Thanks for the heads up. But unless Amazon's required downloading program has been updated to support Linux, I would have to find as Microsoft OS loaded computer to do it.


----------



## realdealblues (Mar 3, 2010)

Florestan said:


> Thanks for the heads up. But unless Amazon's required downloading program has been updated to support Linux, I would have to find as Microsoft OS loaded computer to do it.


I download them all the time without the Amazon Music Player Program. After I hit download now it asks me to use the player but in small print below it says something like just download the file and then I am able to download them in a Zip file.


----------



## SixFootScowl (Oct 17, 2011)

realdealblues said:


> I download them all the time without the Amazon Music Player Program.
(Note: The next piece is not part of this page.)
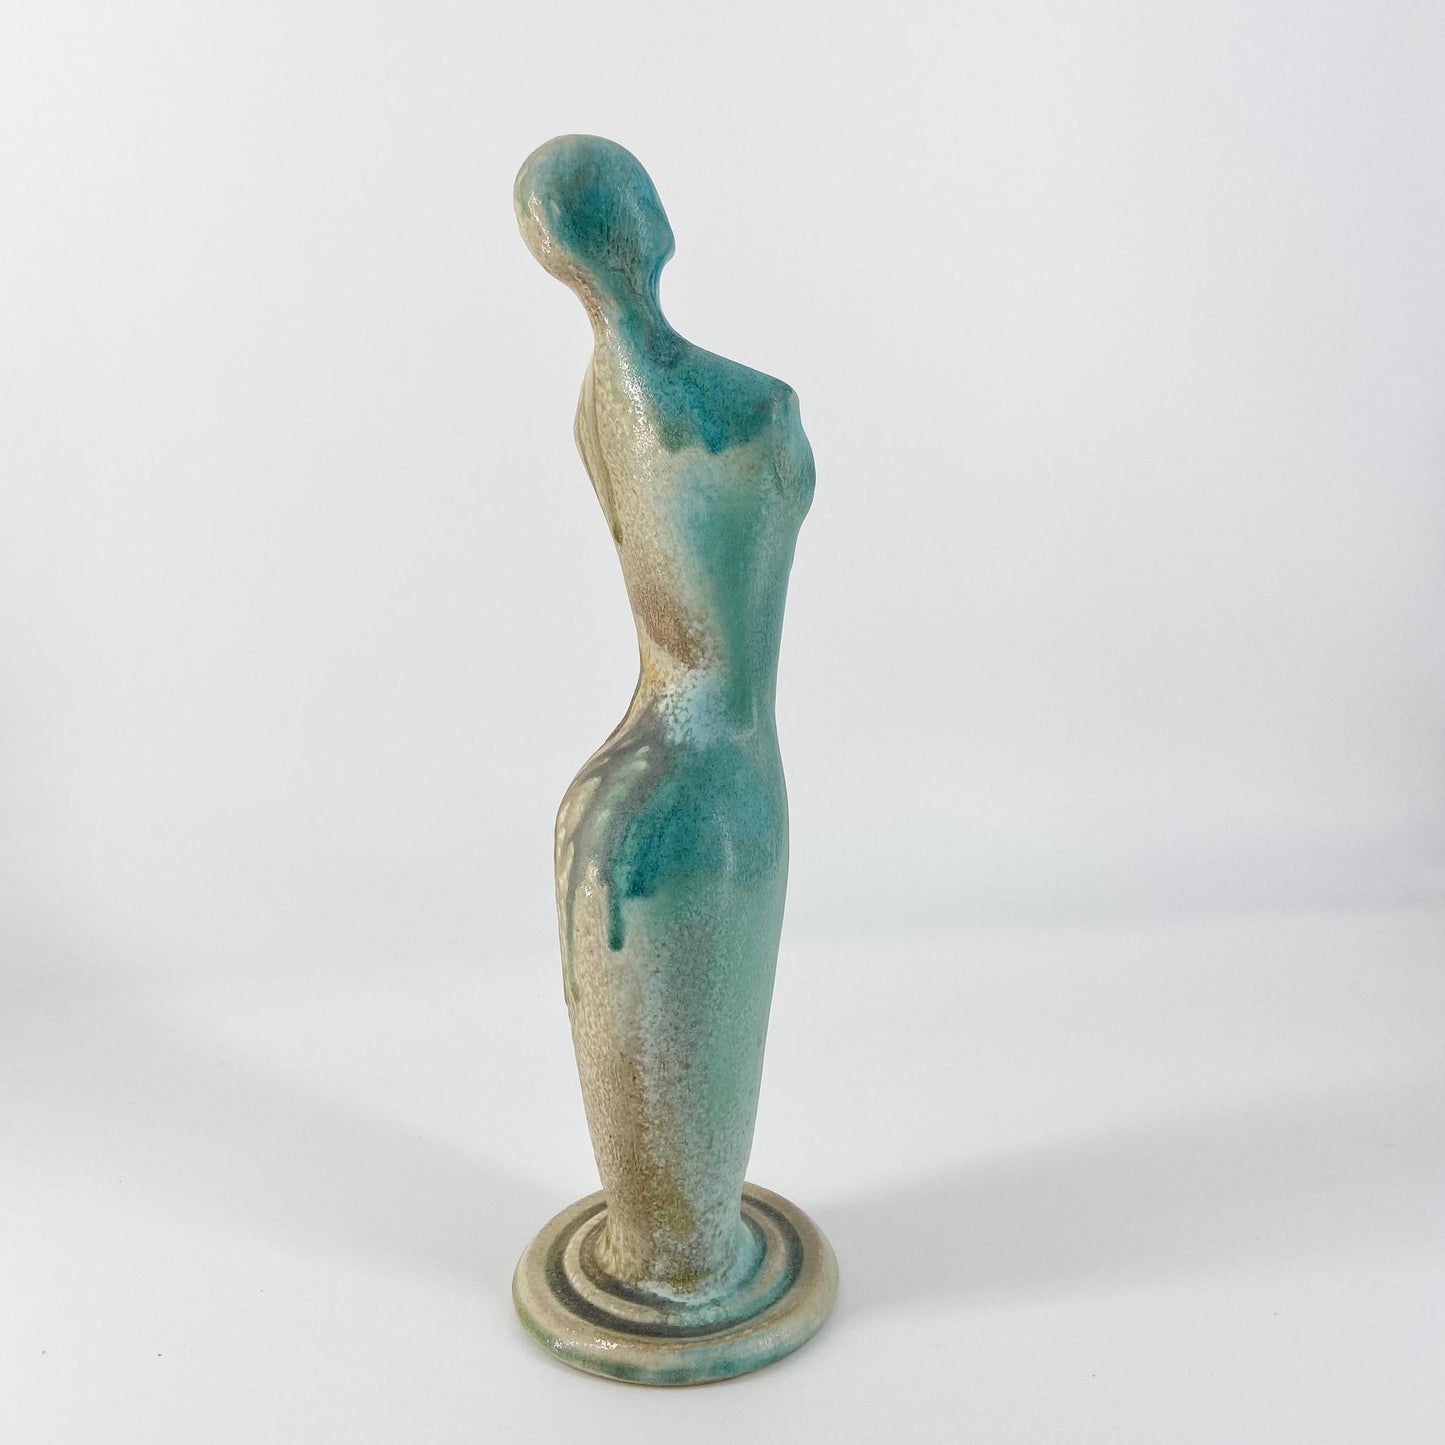 Sculpture - Female Form in Ceramic - Soda Fired

After I hit download now it asks me to use the player but in small print below it says something like just download the file and then I am able to download them in a Zip file.


Ah. Thanks! I missed that. That's the problem with Amazon. They try so hard for you not to see the easy option. I wonder if they hired any folks from CNet or from Microsoft.


----------



## Pugg (Aug 8, 2014)

Don't we have a thread for ridiculous bargains somewhere?


----------



## SixFootScowl (Oct 17, 2011)

Pugg said:


> Don't we have a thread for ridiculous bargains somewhere?
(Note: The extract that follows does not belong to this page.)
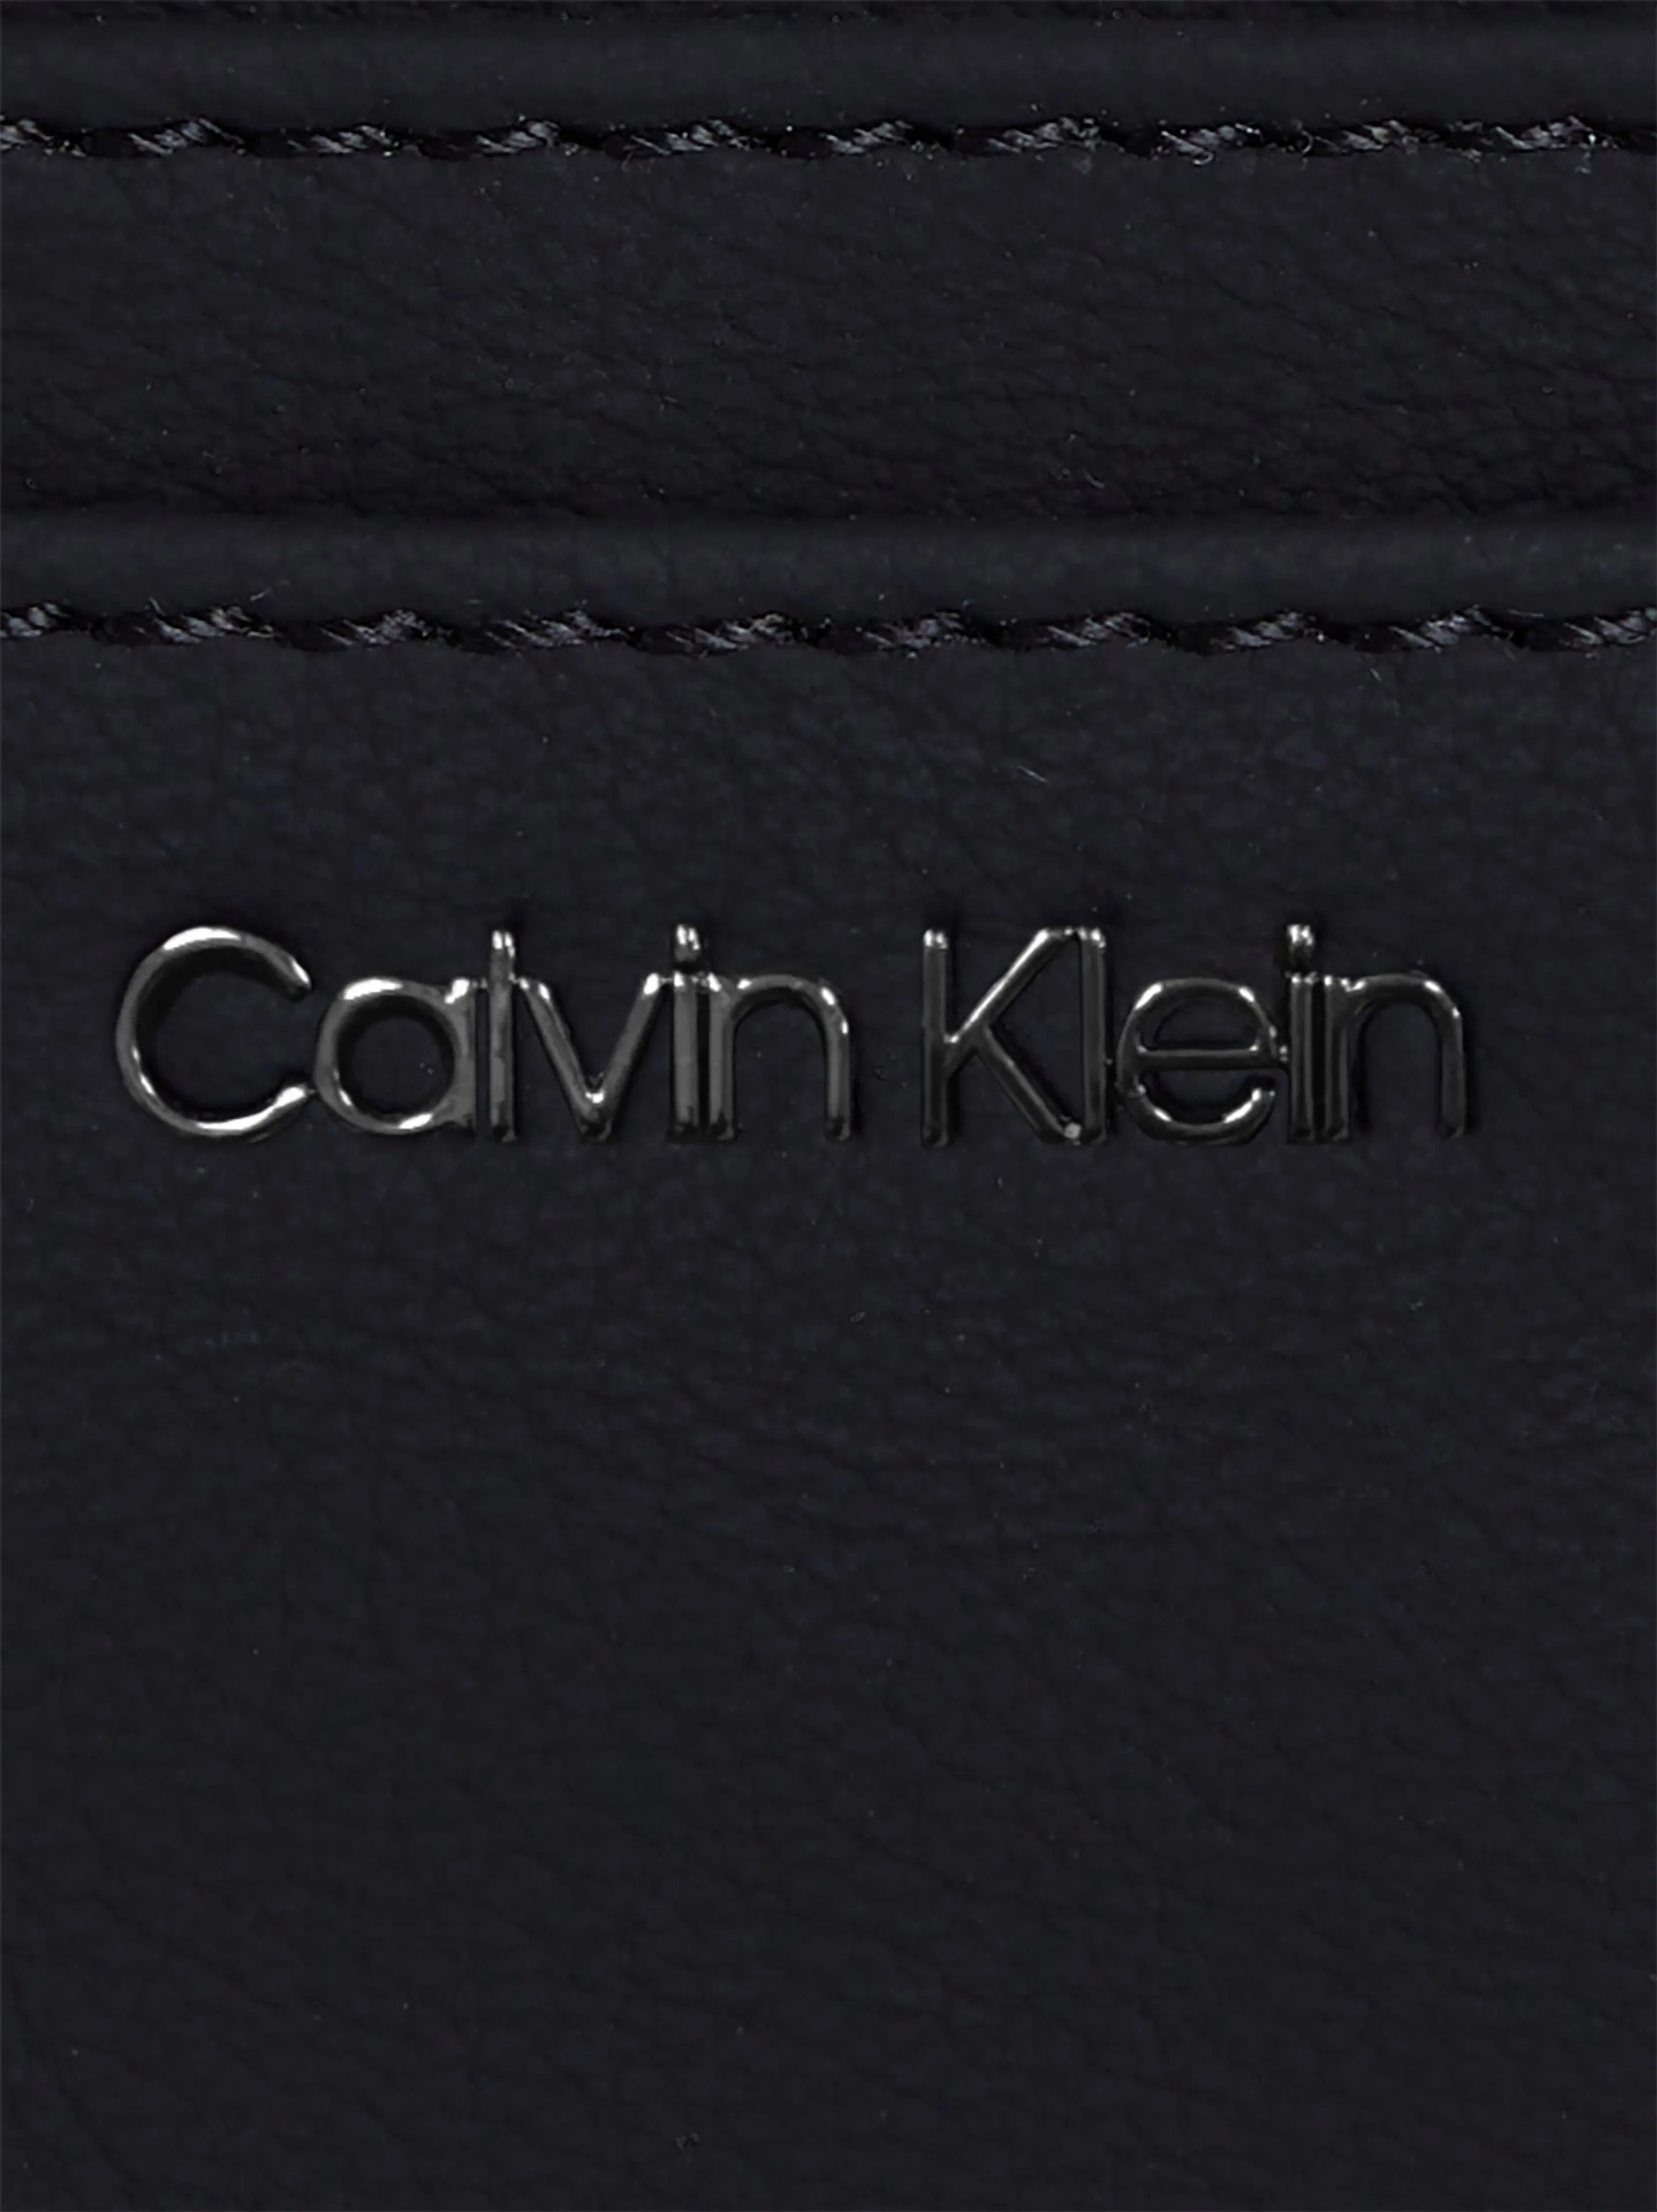 Calvin Klein Calvin soft korttikotelo

Yes, I guess it is a different category, these being only excellent bargains.


----------



## Pugg (Aug 8, 2014)

Florestan said:


> Yes, I guess it is a different category, these being only excellent bargains.


But perhaps the other thread has more visitors traffic.


----------



## SixFootScowl (Oct 17, 2011)

Pugg said:


> But perhaps the other thread has more visitors traffic.


Yes, it may. But Ken may have done it this way to get immediate attention to these specific sets, whereas it is in a long chain of posts on the other thread, which I think Ken also started.


----------



## geralmar (Feb 15, 2013)

Complete Bach organ works. Free.

http://www.blockmrecords.org/bach/index.htm


----------



## Pugg (Aug 8, 2014)

geralmar said:


> Complete Bach organ works. Free.
> 
> http://www.blockmrecords.org/bach/index.htm


That's what we call a real bargain.


----------



## Oldhoosierdude (May 29, 2016)

I picked up the Beethoven string Quartets. Good performances.


----------